Computerized Tickler File

Andy Glew's blog recently presented a link to an article about organization on his personal wiki. This article brought out a few thoughts.

It seems that a computerized Tickler File could organize items so that the ticler alert is triggered at an appropriate time (e.g. during a lunch break).

An even more sophisticated system might use information beyond time of day (e.g., position [seated, standing, walking; workspace, conference room, other's office, hallway, outdoors, restaurant], activity [software application with focus/receiving input; input rate/type; frequency and time of last display update], psychological state [heartbeat pattern, perhaps movement and activity patterns, perhaps information about stress inducing events and healing events]) to trigger notifications (and even time the receipt of messages) to fit one's state.

E.g., the system could exploit 'necessary' context switches caused by delayed responses to inputs as well as introduce productivity enhancing distractions (e.g., perhaps when it appears one is spinning one's wheels working on a problem), well-timed encouragements/refreshments (e.g., a loved one might leave messages of encouragement--like lunchbox notes--which the system could pop up at an appropriate time or a reminder of an upcoming positive event like a work group BS session or one's child's first school play), or even advisory notices (for most people advice has to be carefully presented; rather than "You're getting tired; you should consider taking a break" some might respond better to "Your favorite muffins will be fresh in the cafeteria in five minutes" or "Remember that you wanted to talk with Joe about such and such.").
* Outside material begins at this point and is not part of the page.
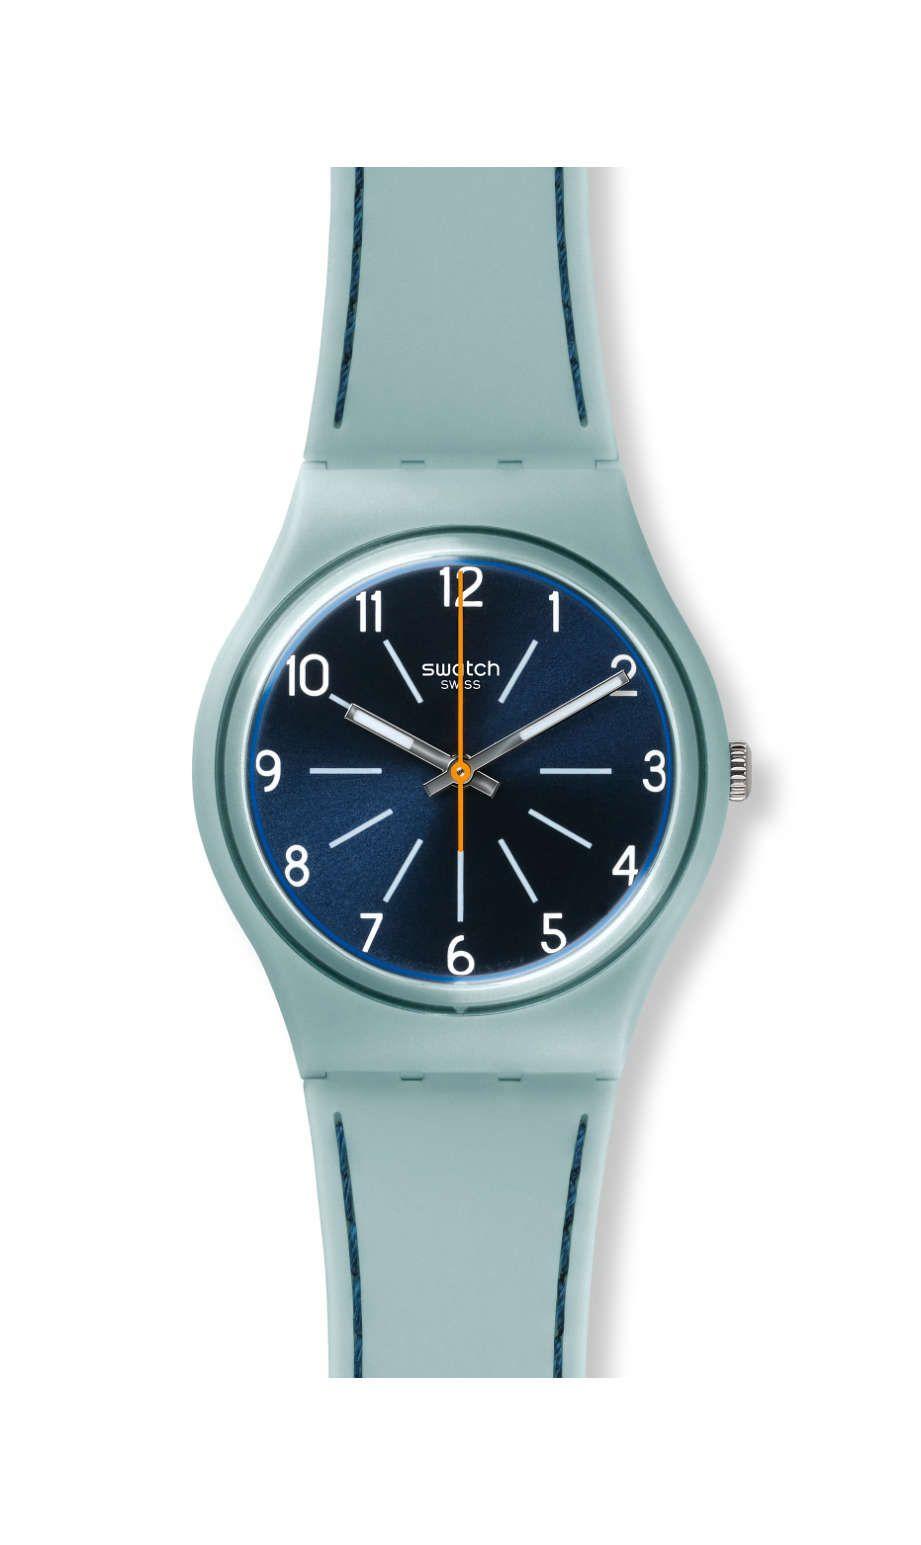 Blue StitchesRelojes RelojSwatch Y Celebridades RelojSwatch RelojSwatch Blue Y StitchesRelojes StitchesRelojes Blue Celebridades 7vfgyIb6Ym
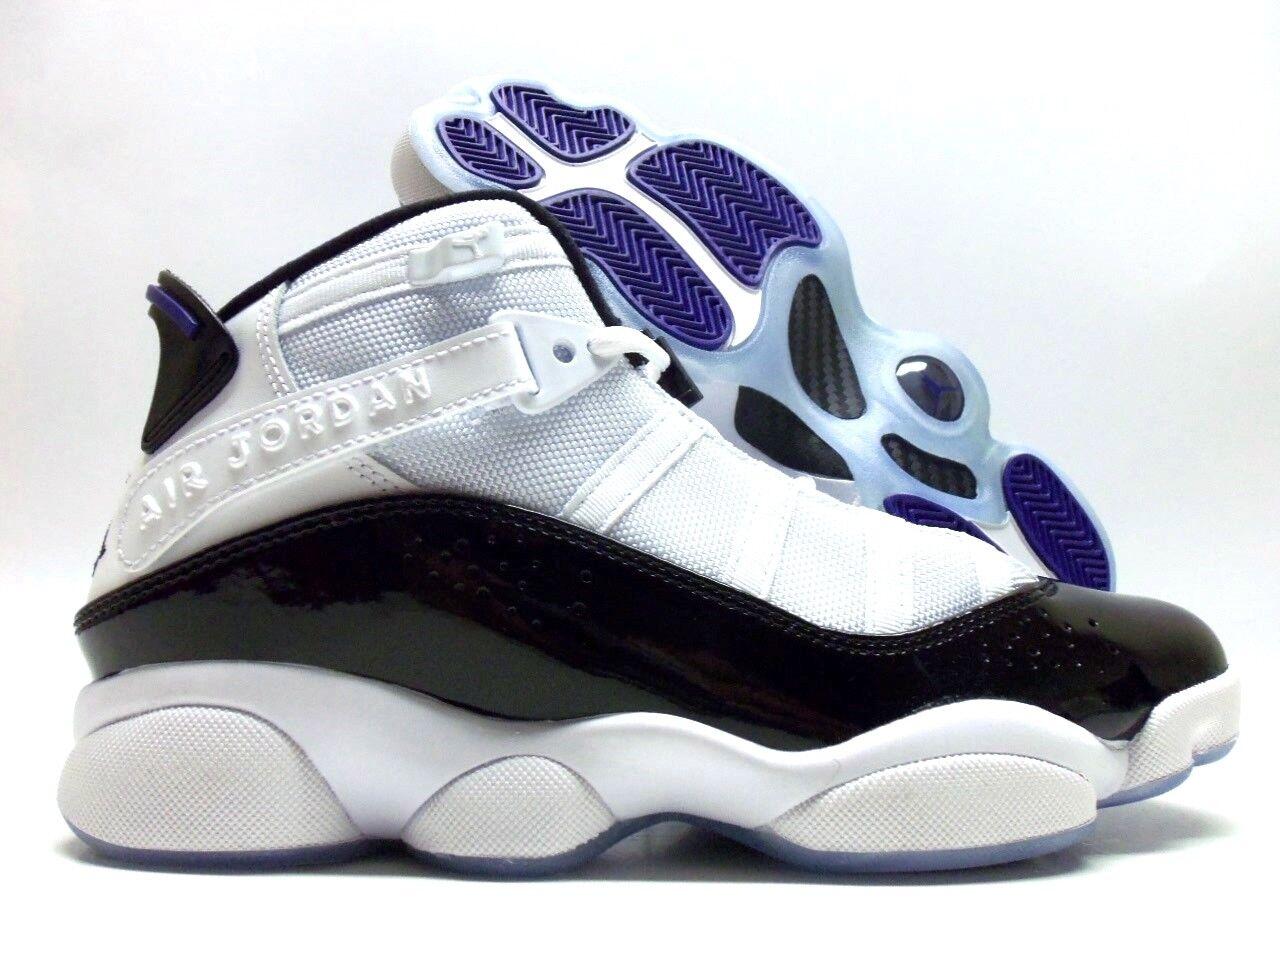 Nike jordan6 anelli bianchi / nero-dark concord dimensioni uomini [322992-104]

A human manager cannot afford to be aware of fine-grained conditions (and most people's sense of privacy and self-sufficiency would be violated by such). Even a human 'executive assistant' would not be able to properly support a worker at the granularity that a computer could (and being impersonal, a worker might not have as much concern about privacy--if only the computer knows--or dependence/competence; on the other hand, being corrected by an idiot computer can be more painful/frustrating than being corrected by a semi-competent human being).

In the article, Andy Glew also noted that the artificial size limit of ScanCards was inappropriate for a computer, but it seems to me that sizing can be a disciplining factor to push for concise presentation and might also be useful to present a visual hint of the nature of a note (size of a note and size of font can give clues about complexity, importance, etc.). It might be good to have a standard size note and use hypertext, elision/abbreviation (which can be conditionally unelided/expanded), and font shrinking to include more information.

I am not certain how to handle hypertext display. Endnotes can be frustrating because even with back navigation one can lose one's place in reading; even parenthetical expansion--where one would place a note mark in parentheses and an activation would expand/make visible the note--can interfere with visual orientation because the layout of a paragraph will change (vertical layout changes could be handled with a sidebar that changes color/shade/pattern based on semantic boundaries like sentence starts--interestingly, such a sidebar mechanism might be used to mark content density [side marks have been used to mark importance and other aspects of a text]; such would allow a reader to orient by the sidebar even if insertions moved text).

It is also frustrating that a single mechanism is used to provide notes of different kinds; notes can differ not only in length but also in tightness of the relevance--applies strictly to word, sentence, paragraph or ties to word, sentence, paragraph but applies more generally--, level of knowledge expressed in the note and expected of reader, nature of the note--e.g., a historical note like "this varies from version 2.3 . . ." differs from a warning note like "this is atomic not synchronized" or an explanatory note like "this is a variant of the Smith-Jones algorithm". Sometimes something like "tool tips" might be appropriate (like many browsers handle 'title' elements), possibly activated by a click/press-hold-and-gesture; sometimes a persistent frame--requiring explicit dismissal--might be used; sometimes an insertion into text might be appropriate. (Notes for a Shakespearean play or a poem by Alexander Pope might explain an archaic term or non-obvious allusion, a point of textual analysis, or a reminder of further information being available. Good versions tend to place the first type of note as side notes matched to the line--so they can be easily referenced without disrupting the flow of reading--and the middle kind as foot notes. The last kind of note might be best suited to an end note or be included in an opening or closing commentary.)

It does seem that a dynamic and intelligent display offers significant opportunities for improvement over paper-based information storage and presentation.